26 April 2008

Somebody Save Me

Why is it that the activities that are so fun when I am procrastinating are so boring when I have nothing to do? I know I've discussed this problem before, but I just don't know what to do with myself when I'm done with school. It's like school took over every aspect of my life, and now that it's done I feel so empty. It's sort of a like a break up. A painless, joyful breakup, but a breakup nonetheless. I feel like I have to start from scratch and rebuild my life. I need to find hobbies again and remember how to enjoy life the way I did before school and I became involved. Ugh. Somebody give me something to do!

22 April 2008

Things That Bug Me

Maybe it's because I'm really grumpy today but I am highly annoyed by the lack of library etiquette on college campuses today. I first noticed this problem while I was getting my undergraduate degree in Washington. I would go to the library to do some intense reading, since I was too easily distracted by the people and technology around me at home, and I frequently found my studies disturbed by people answering their cell phones and having conversations...IN THE LIBRARY! The same thing happened today while I was in the computer lab in the library attempting to work on my e-portfolio. I was highly aggravated anyway because it took about 20 minutes for the computer to let me onto the program I needed. But in the midst of my frustration, a young man decided to answer his phone and have an 8 minute talk with whoever. Like, did he not notice the people working around him? Was he oblivious to the signs that say: If your phone goes off in the computer lab you'll be asked to leave? Clearly it didn't matter anyway because nobody in the lab did anything. I wanted to give him a dirty look but was afraid that would reinforce this behavior. I don't go to the library to socialize. I go to focus and do work. I wish other people felt the same way.

The other thing I'm annoyed about also concerns cell phones. I am sick of text messaging. I mean, yeah, there are certain situations where texting probably makes more sense than calling someone. But when people try to have entire conversations with me through text messages, it bugs me. Oftentimes, there is no immediate feedback and I'm left to wonder if the person received my message or if I unintentionally said something offensive or if they're showing my messages to friends.
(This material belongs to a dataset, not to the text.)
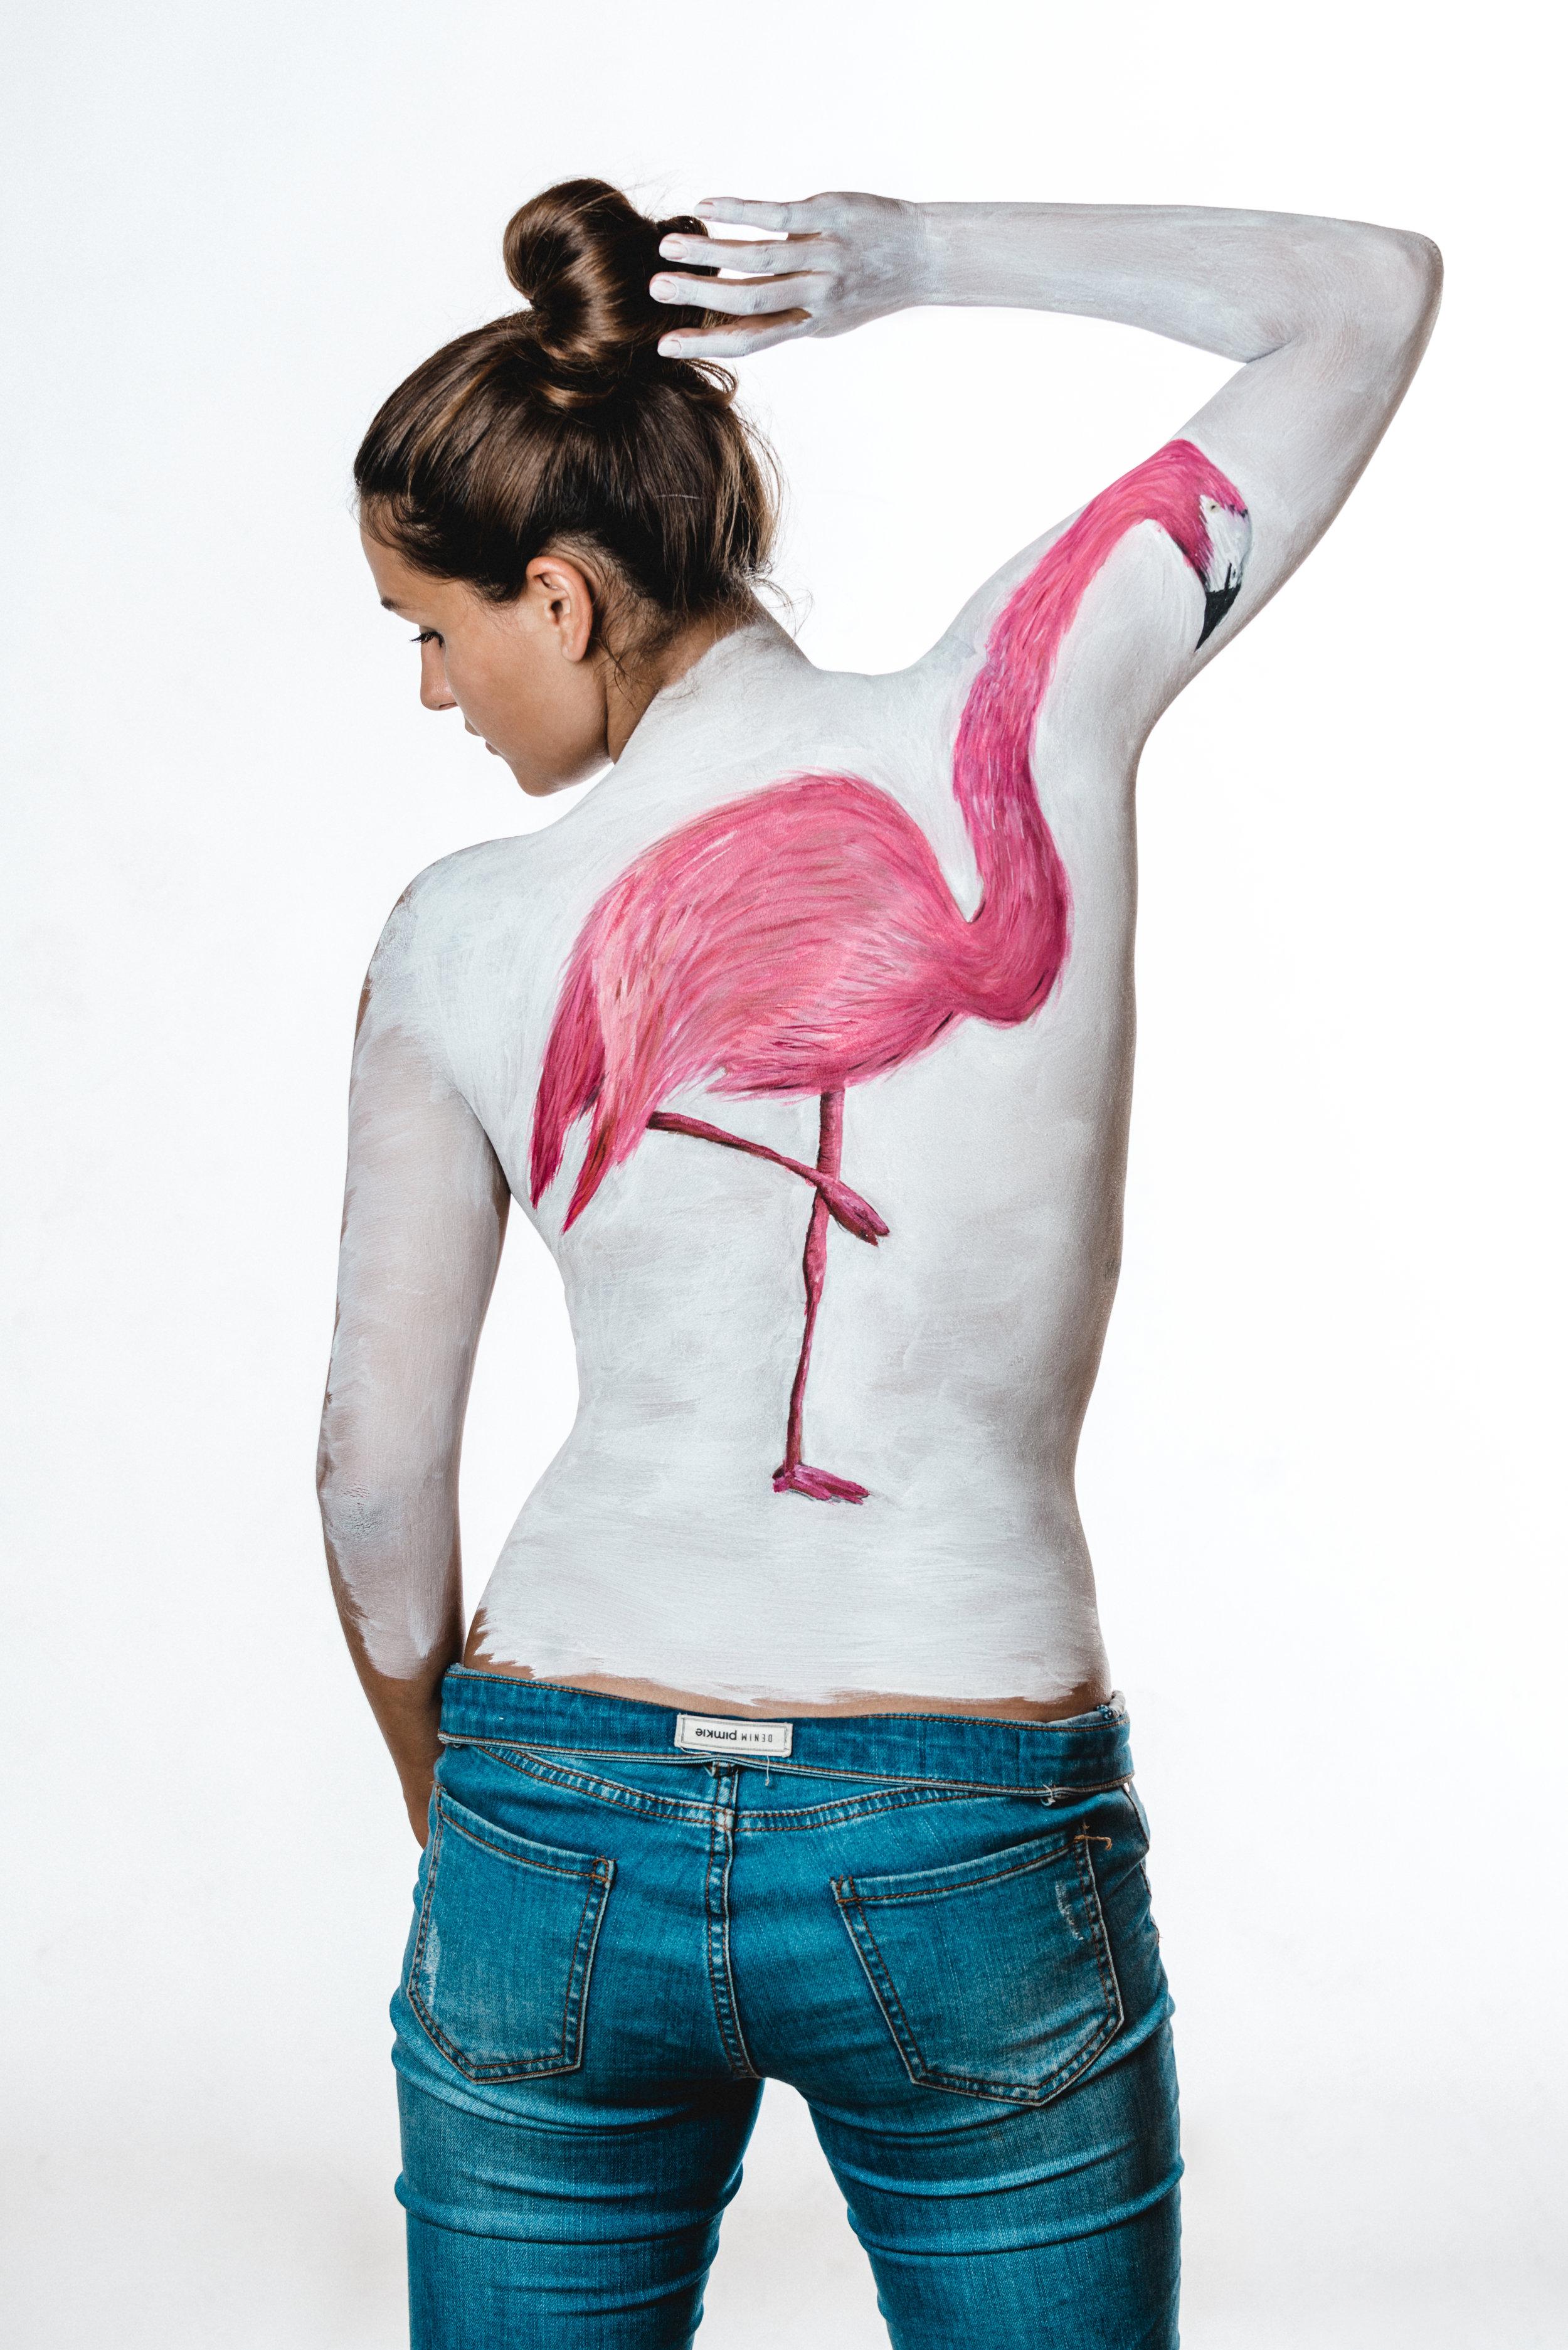 20170711_Bodypaint_Flamingo_14.jpg
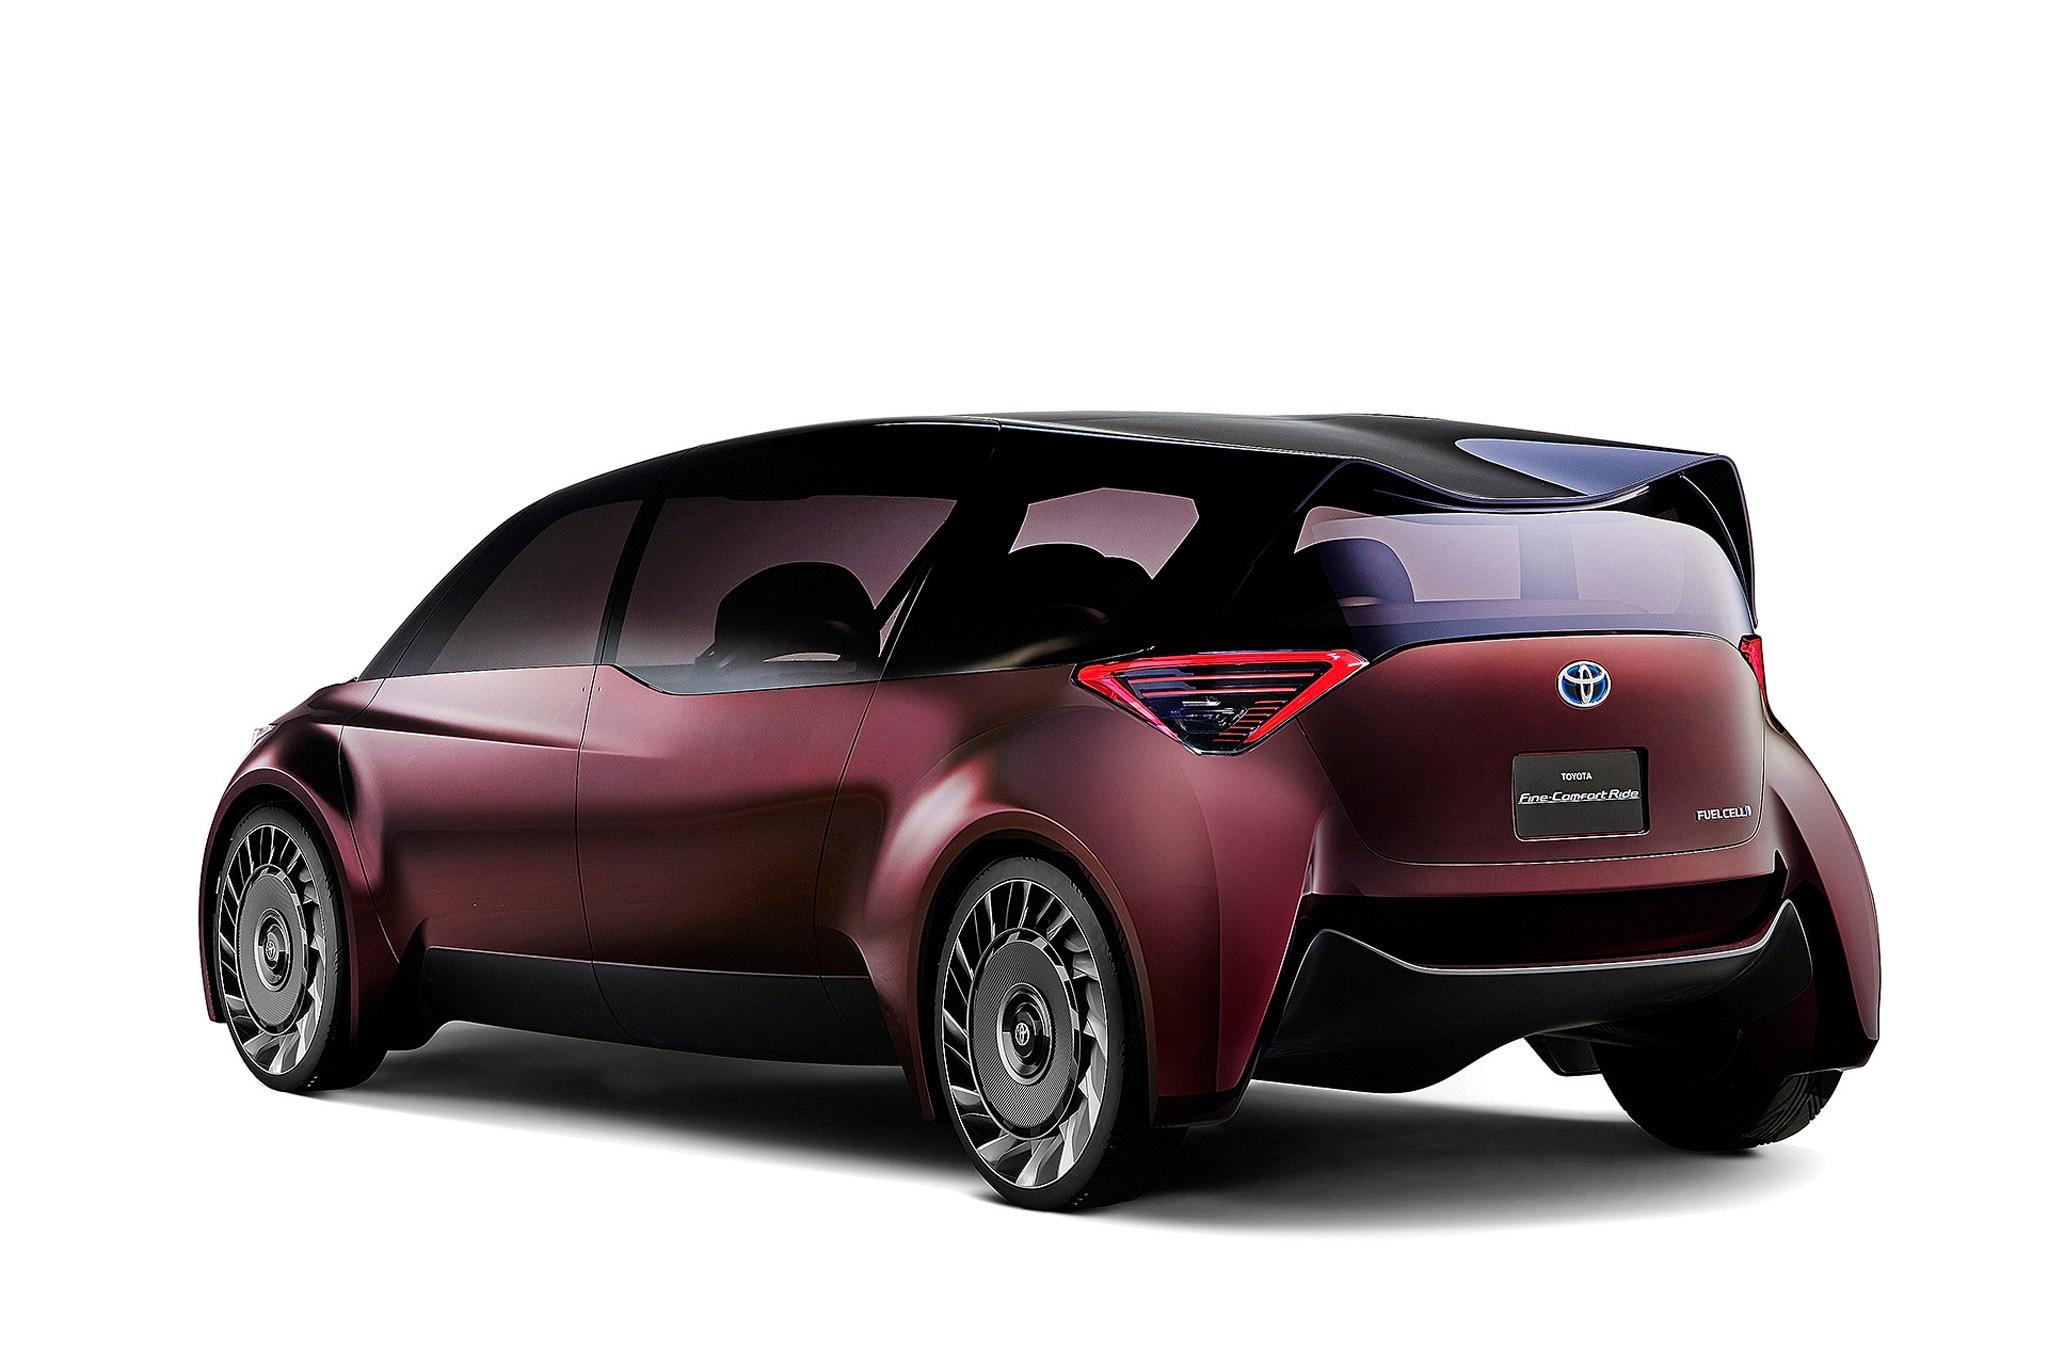 2017 Toyota Fine Comfort Ride Concept_04

If someone has more than two things to say to me, I would really just prefer or a phone call or a visit.

01 April 2008

Dusting Off the Ol' Runners

Today I experienced a sort of "running break through." In an effort to get into shape for a couple of 5K's in May, I have re-taken up running, which has been much harder to do than I expected. About a year ago I got really into running as part of a self-therapy strategy to deal with life's woes. I ran most days of the week, built up my endurance, and finished a 5K. This all made me feel pretty awesome about myself. For the first time in my life, I wanted to exercise...I HAD to exercise. It gave me something to look forward to everyday.

Then, I went back to school.

Fitness enthusiasts would shudder at my excuse of being too busy to run. But I really was. In addition to being a full time student, I was working 7 hours a day. That comes out to about 13 hours of work and school time a day. Add homework and sleep on top of that and...well, you do the math. Little time is left over for anything. Of course, by the time I switched to a part time work schedule, I had lost all motivation to move in any way. School became both my source of therapy and stress. Sounds weird. But as crazy as I felt during my hectic 19 credit hour schedule in the fall, it felt good to be in school and working toward a goal.

Now that I'm mostly done with school, I have no more excuses to not try to get into shape. Signing up for my races has given me more motivation. However, until today, I have to admit I was feeling very discouraged with the process of getting ready. Although I had only been running for a few days, I was shocked at how much endurance I had lost in a year. And my progress had been very slow.

The key, I realized today, is pacing. I felt like a caterpillar as I slowly made my way around the track, but I ran much much much further than I had been able to run even 3 days ago. Remembering what it feels like to run at a reasonable pace I hope will help build up my momentum and keep me going with the whole running thing. As awkward as it feels to run in slo-mo, the tortoise in that one fable was really on to something. "Slow and steady wins the race." Or at least finishes it without going into cardiac arrest.